Fig. 3. Present voltage and voltage-ratio accuracies.

The transition was finally made on January 1, 1948, with changes amounting to a few hundredths of a percent. For example, the "International" ohm as then maintained at the National Bureau of Standards was stated to be 1.000495 absolute ohms, and the "International" volt, 1.000330 absolute volts. Conversion factors for the remaining electrical units can be derived in terms of these two factors and the simple relations that exist between the units.

It should be noted that if the meter, kilogram, and second are used in place of the centimeter, gram, and second as mechanical units, and if the permeability of free space is assigned the value 10-7, the absolute system of electrical units becomes identical with the practical system. Alternatively, since four arbitrarily chosen quantities can be used to define a system of electrical units, it has been suggested that the meter, kilogram, second, and ampere be used as the basis of the defined system of units, the m.k.s.a. system.

This was adopted by the General Conference of Weights and Measures in 1960 as a part of the general system to be known as the Systeme International d' Unites (which is commonly abbreviated SI).
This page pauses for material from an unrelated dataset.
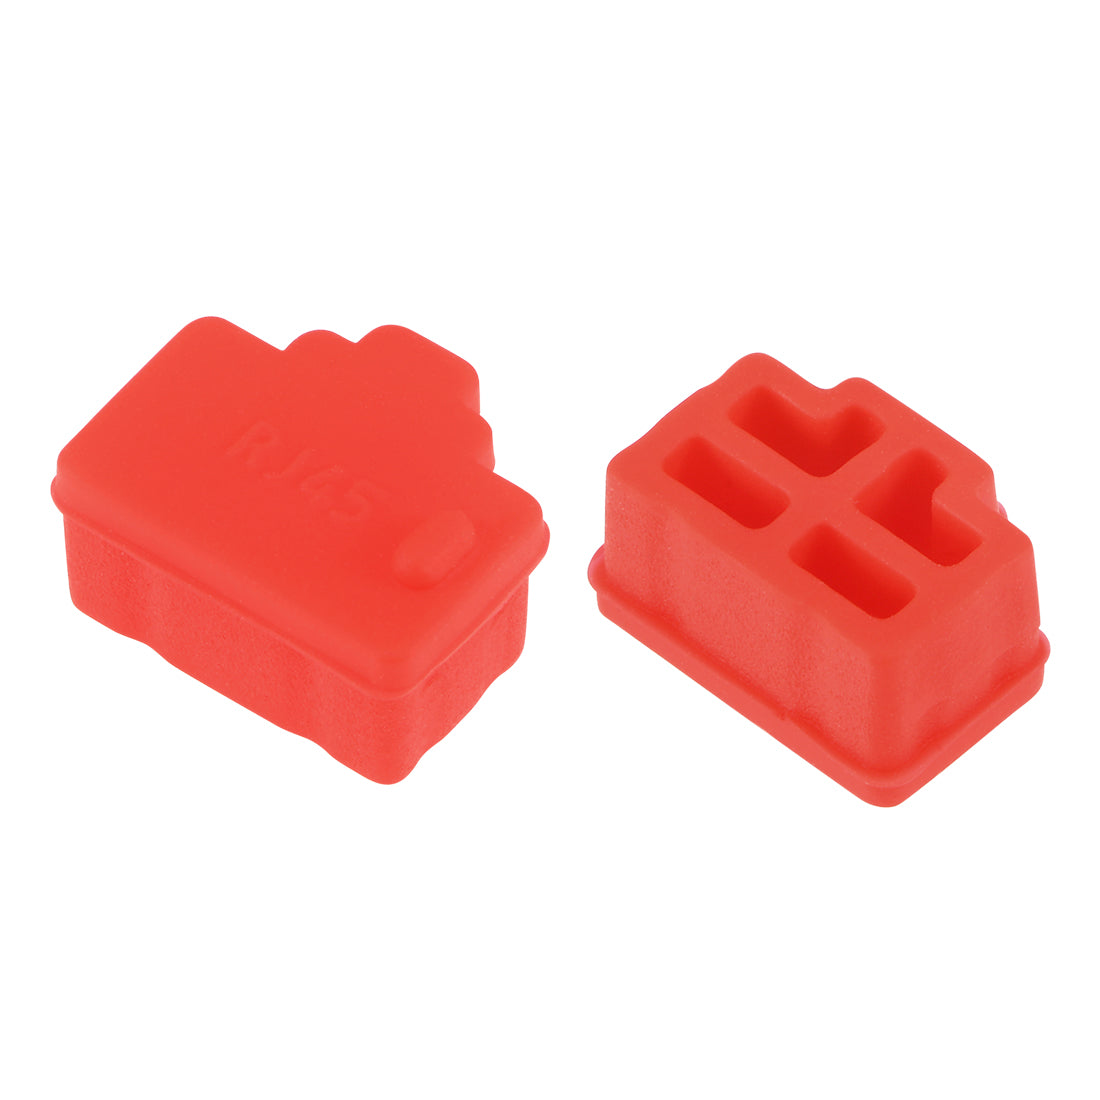 uxcell Uxcell 20pcs RJ45 Silicone Protectors Ethernet Hub Port Anti Dust Cap Cover, Red

Experimental Realization of Units

Section 12 of the Public Law that defines the electrical units contains the following statement: "It shall be the duty of the National Bureau of Standards to establish the values of the primary electrical units in absolute measure; and the legal values for these units shall be those represented or derived from National reference standards maintained by the National Bureau of Standards." Two types of "absolute" measurements have been used in assigning numerical values to our basic electrical standards in terms of the mechanical units. The ohm is evaluated in terms of length and time; the ampere in terms of length, mass, and time. (See Fig. 1.)
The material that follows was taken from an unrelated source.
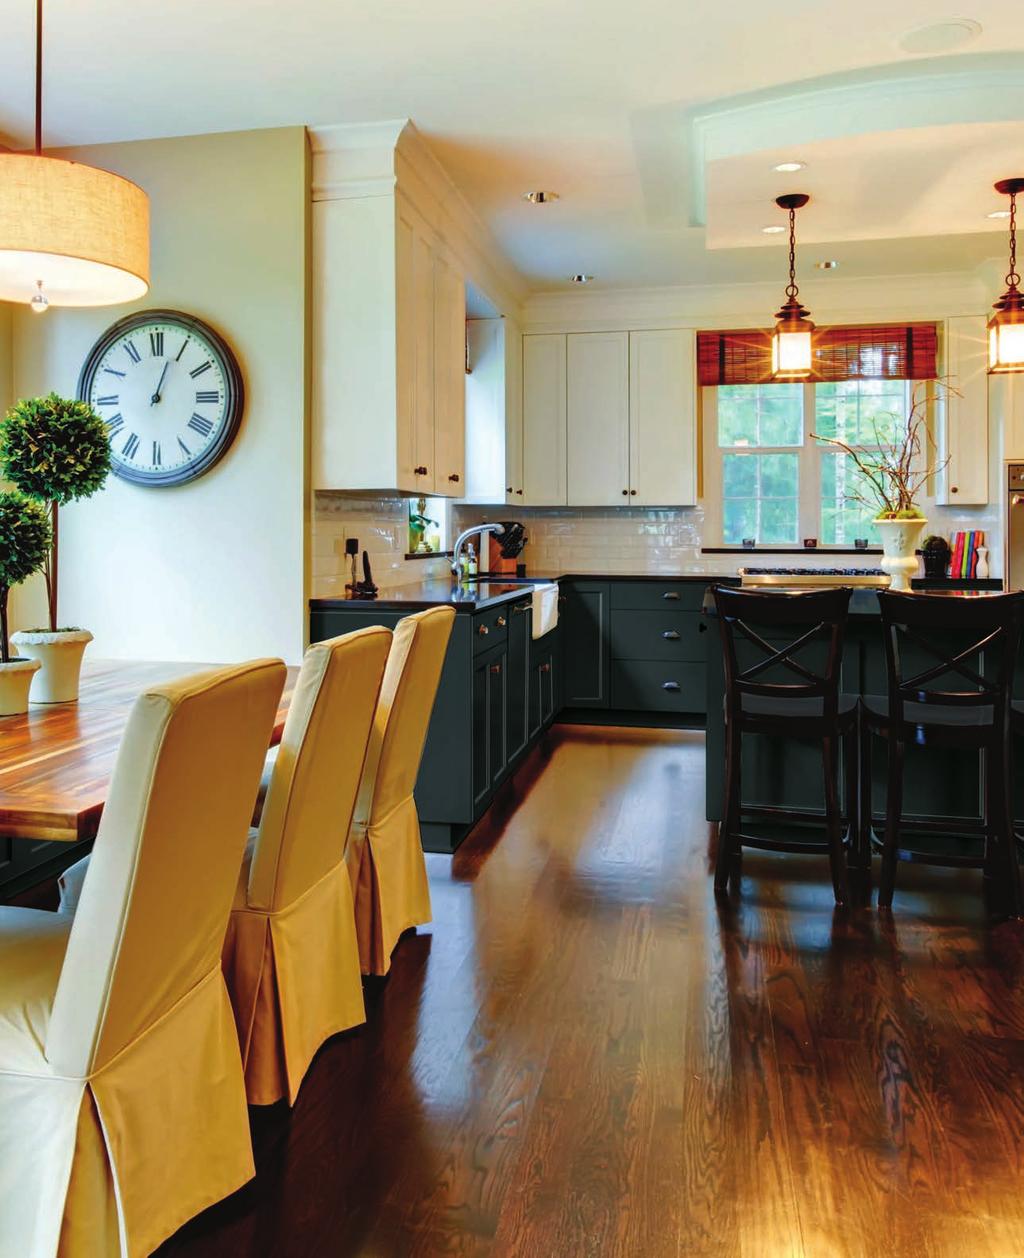 6 Echelon Cabinetry Maple Cabinetry A distinctive

The absolute-ohm determinations on which our "legal" ohm are based were performed in the National Bureau of Standards and in the national laboratories of other countries. These determinations have involved an inductor (either self or mutual) of such construction that its value can be computed from its measured dimensions together with the conventionally assigned permeability of the space around it. This inductance is supplied with a periodically varying current and its reactance at the known frequency is, in effect, compared with the resistance of a standard resistor.

A similar experiment could involve the comparison of a capacitive reactance and a resistance; and such a determination would have the advantage that the electrical field of a capacitor can be completely confined by a shield so that the capacitance value is independent of anything outside the shield, whereas the magnetic field of an inductor cannot be limited to be free from proximity effects. However, it is only within the past few years that a practical capacitor geometry capable of simple measurement and computation has been described in terms of a new theorem in electrostatics--the Thompson-Lampard theorem. The value of such a capacitor can be assigned with sufficient accuracy to make attractive an absolute-ohm determination in terms of capacitance; and such determinations have been made, although their results have not yet (1964) been incorporated into the "legal" ohm.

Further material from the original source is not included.